WHAT YOU ARE ASKED TO DO:
Wherever a picture sits, omit it. Output the rest of the listing exactly.

COLLECTED DATA:

= = = =

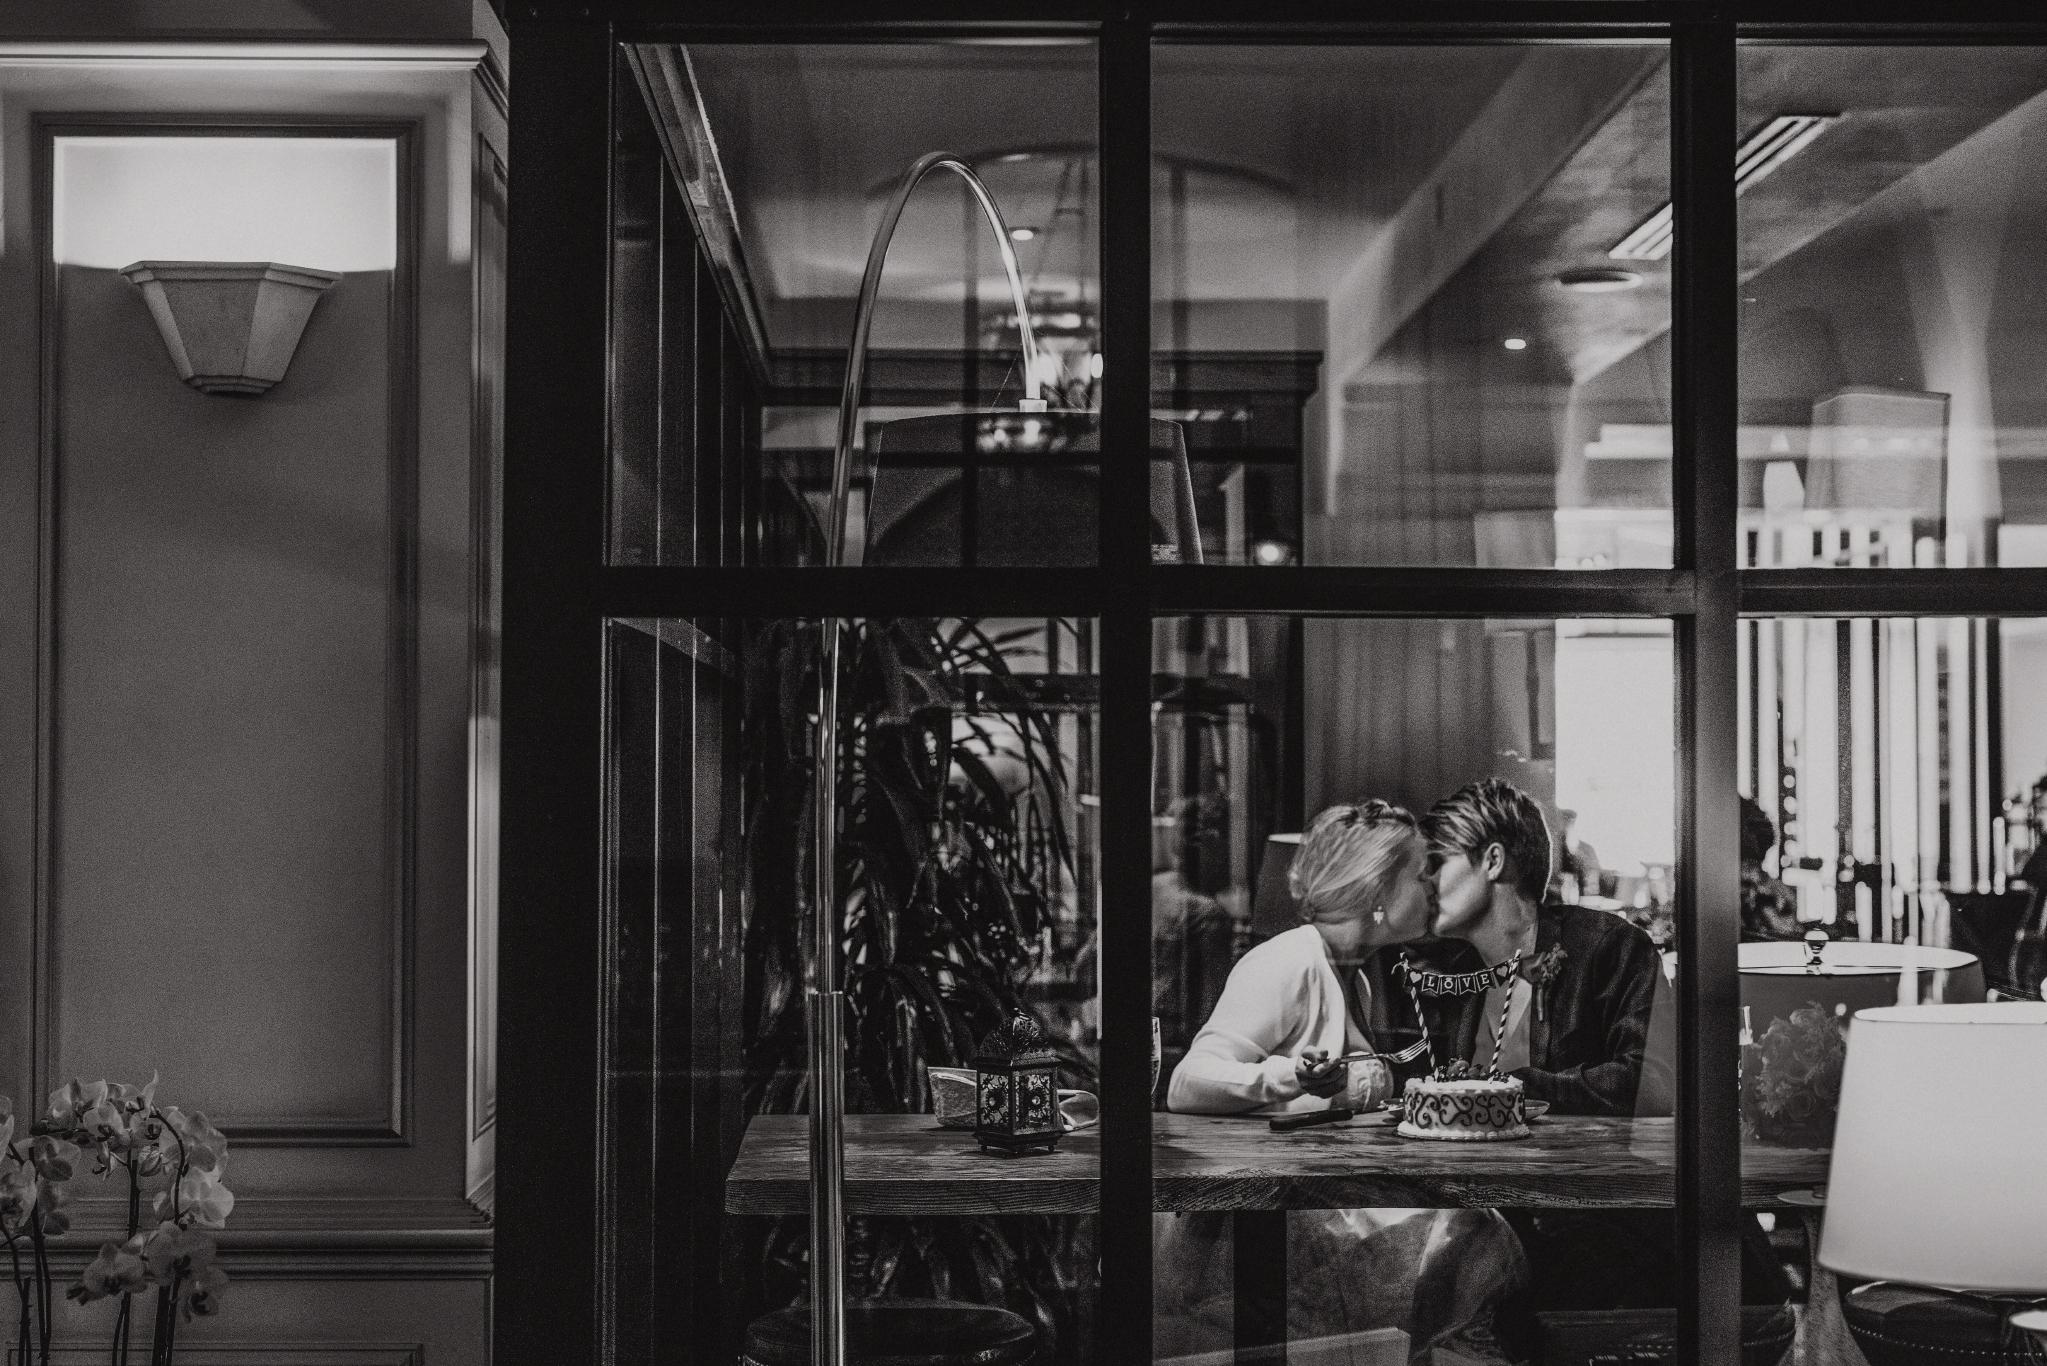 san diego wedding   photographer   monotone shot of women kissing seen through window panel
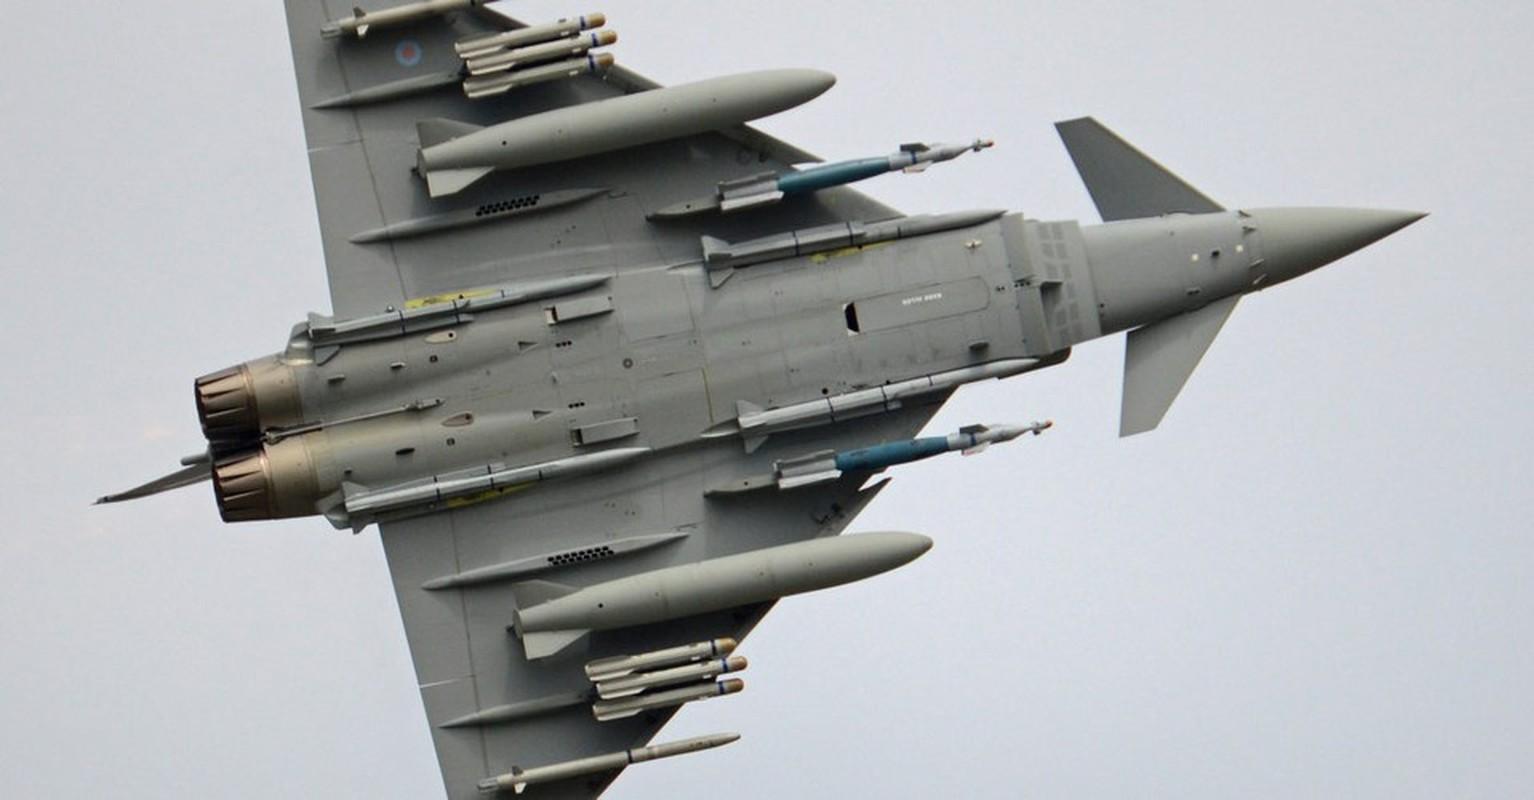 Quan tam Eurofighter Typhoon cua Ao, Indonesia huy hop dong mua Su-35 Nga?-Hinh-11
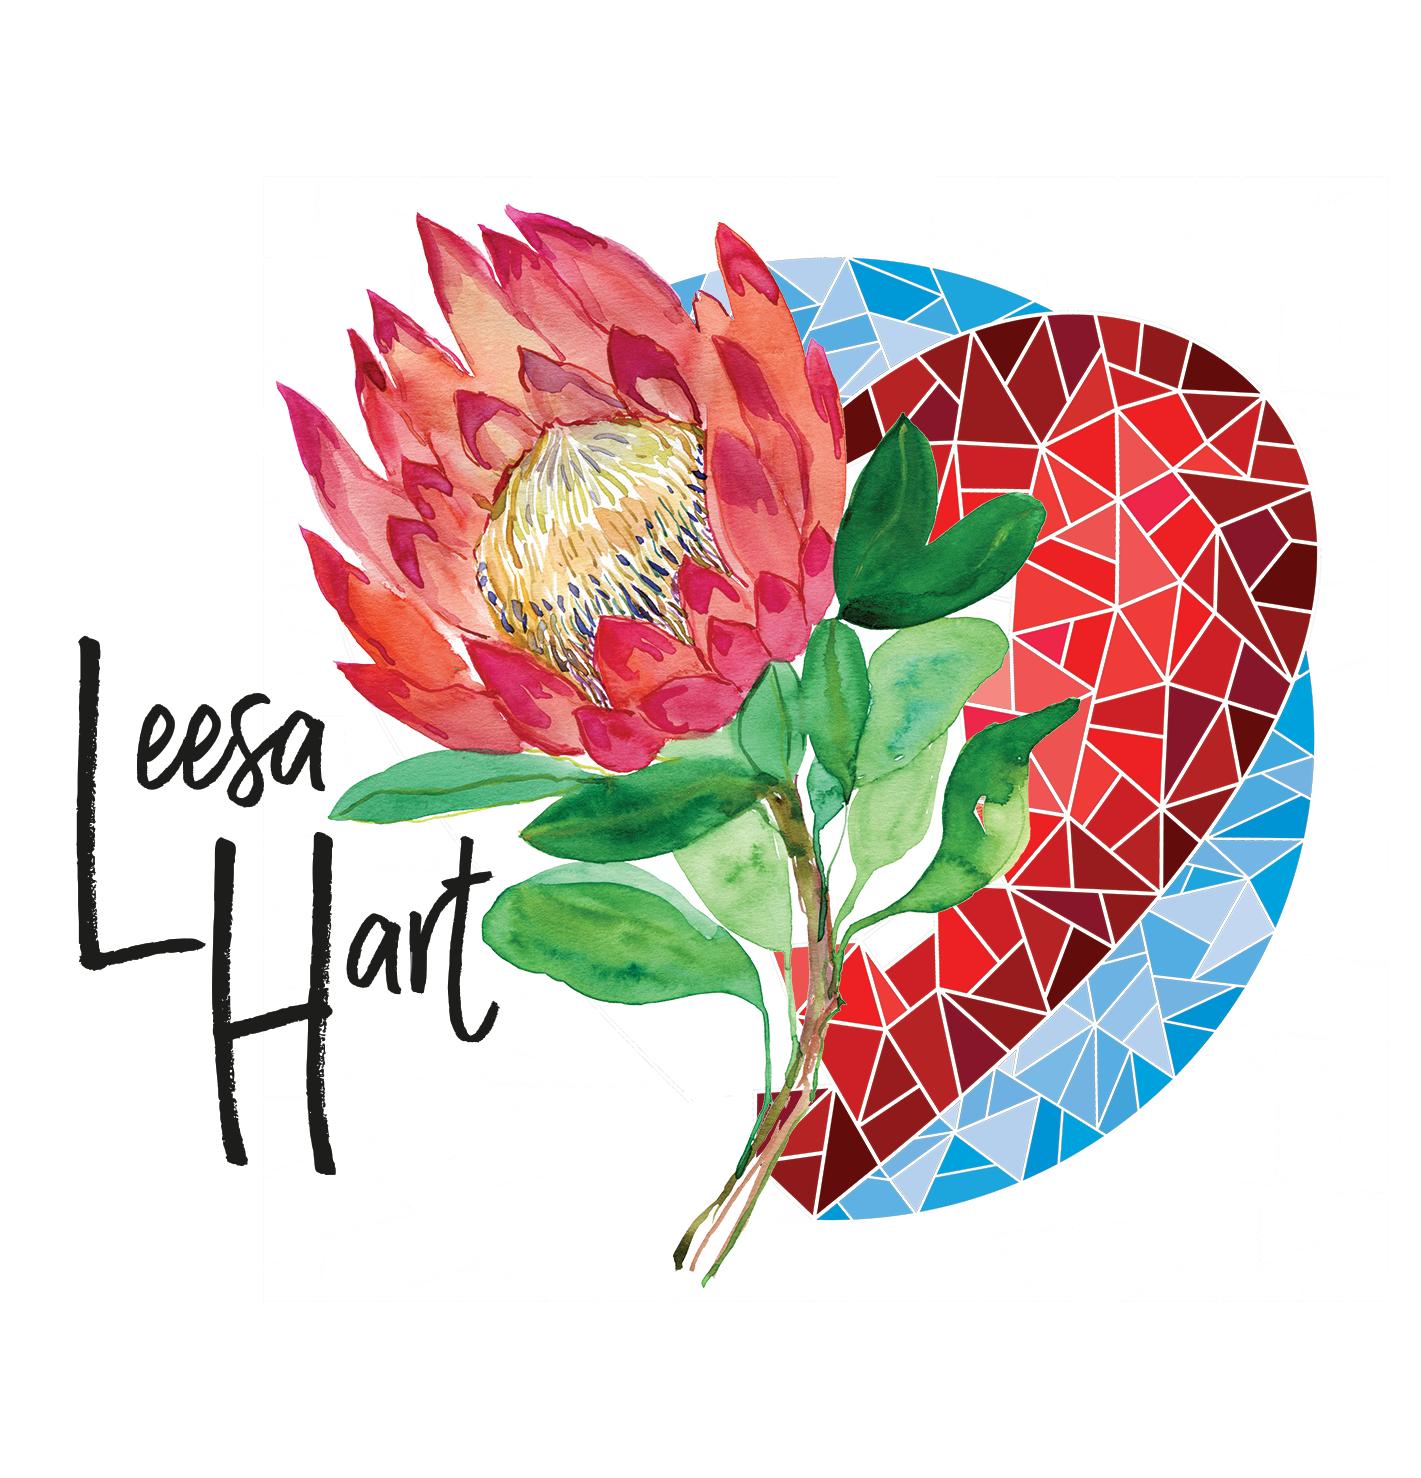 Leesa-Hart-Logo-Final.png
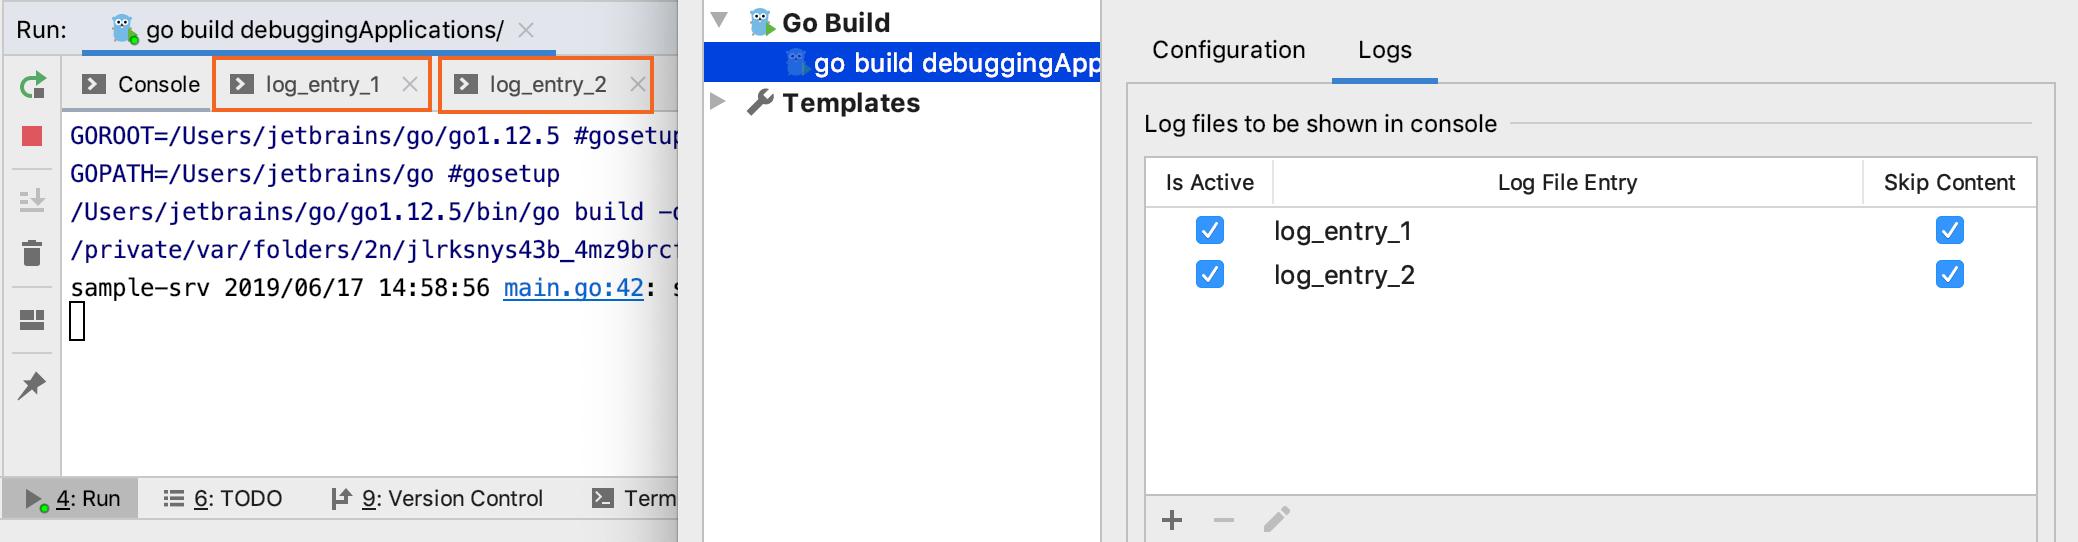 Configure log entries

= = = =

PROBLEM SOLUTION:
 san diego wedding   photographer   monotone shot of women kissing seen through window panel
 Quan tam Eurofighter Typhoon cua Ao, Indonesia huy hop dong mua Su-35 Nga?-Hinh-11
 Leesa-Hart-Logo-Final.png
 Configure log entries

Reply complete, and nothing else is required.